On Tuesday, all three major stock indexes notched their second-worst daily decline of the year after China, the world’s second largest economy, posted its lowest annual growth rate in nearly three decades.
At Tuesday’s close, the S&P 500 was less than 11 percent from its all-time intraday high of 2940.91 made last September and up nearly 12 percent from its intraday low of 2346.58 from the end of December. As investors weigh where the markets will move, Craig Johnson, senior technical research analyst at Piper Jaffray, notes that the velocity of the move from the lows is extremely rare.
“When I go back over the last 50 years and do this analysis, I have found 12 other periods where you have made advances of more than 13 percent over 17 trading sessions. And what I found is that eight of them have typically been V-bottomed and those are bottoms coming off of major market lows. And then the other four have been those double-bottom varieties, and they weren’t major bottom lows,” he said Tuesday on CNBC’s “Trading Nation.”
In order for the market rally to pick up where it left off, Johnson said the S&P 500 will “need to reverse a downtrend off of [the] October highs of last year.”
“You’re going to push at this downtrend resistance line a couple times before you ultimately see the door open and you see the rally continue,” he said. Johnson, who has a 2,725 year-end target for the S&P 500, encourages investors looking to play for a move higher to target individual stocks for gains.

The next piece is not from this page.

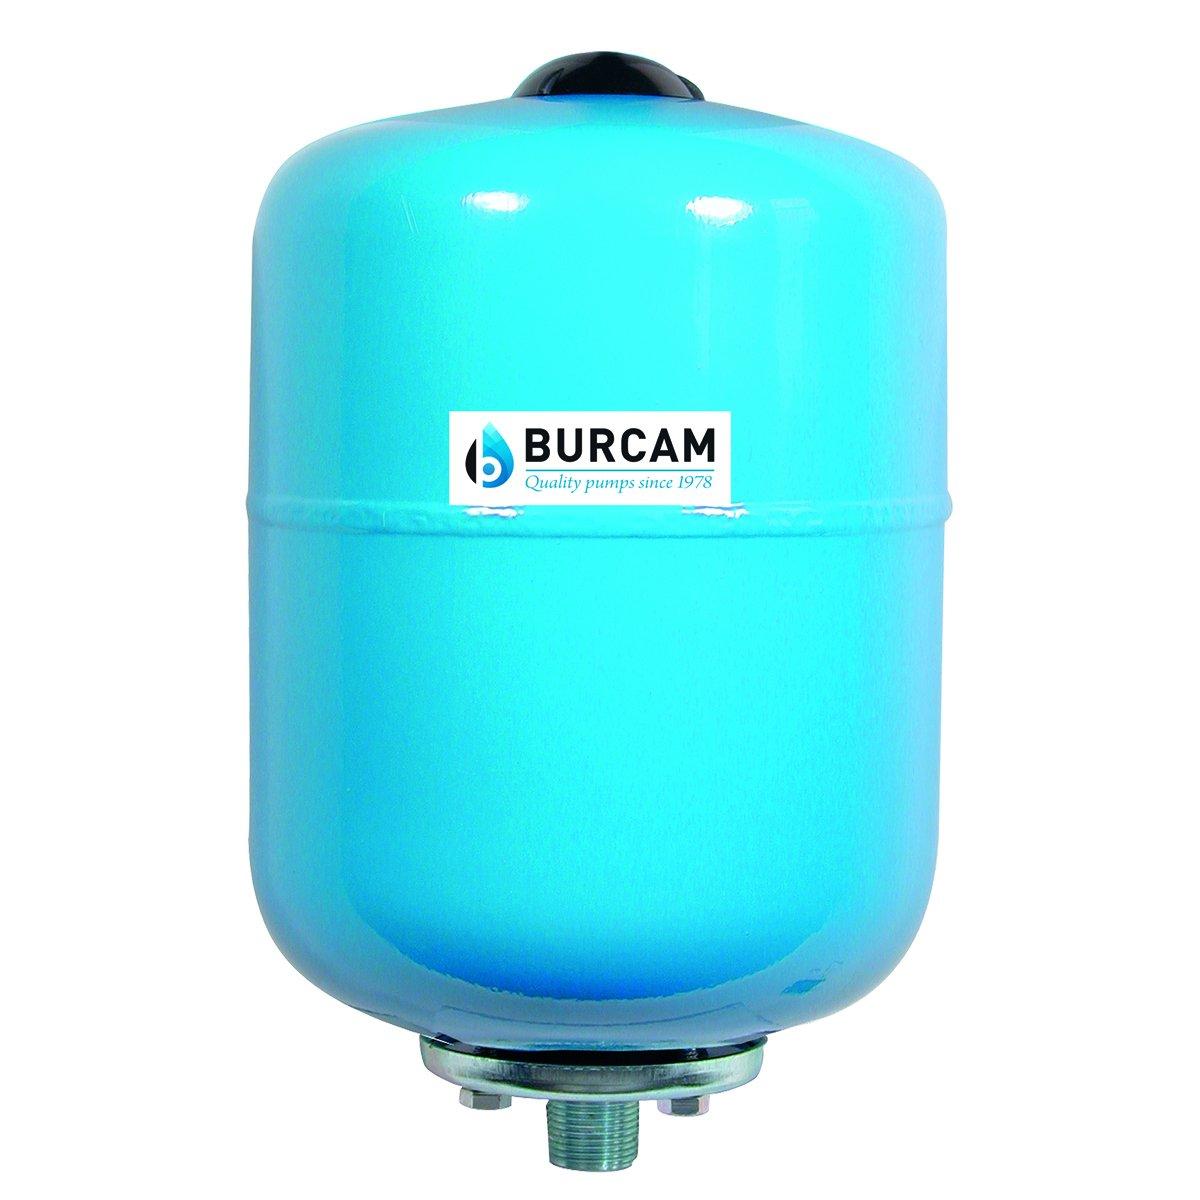 BurCam 600542B ML20 Diaphragm Pressure Tank, 5.3 gal,

“I want to be buying any of these dips in here. I don’t want to be selling the rallies,” he said.
Erin Gibbs, portfolio manager at S&P Global, also believes the bull case for stocks is still intact. She cited a strong start to earnings season, including better-than-expected results from financials last week, as positive indicators for the market.
“We’ve seen Q4 growth slightly edge up,” she said. “We’re even starting to see 2019 earnings revise up, and it’s still very early in the season.” However Gibbs cautions that any additional headlines involving macroeconomic or other geopolitical concerns may put pressure on the market rebound.
“We think that overall as companies start guiding towards 2019, so far, this should lead us into a further uptrend, and insure investors that we’re still on very solid ground,” Gibbs said.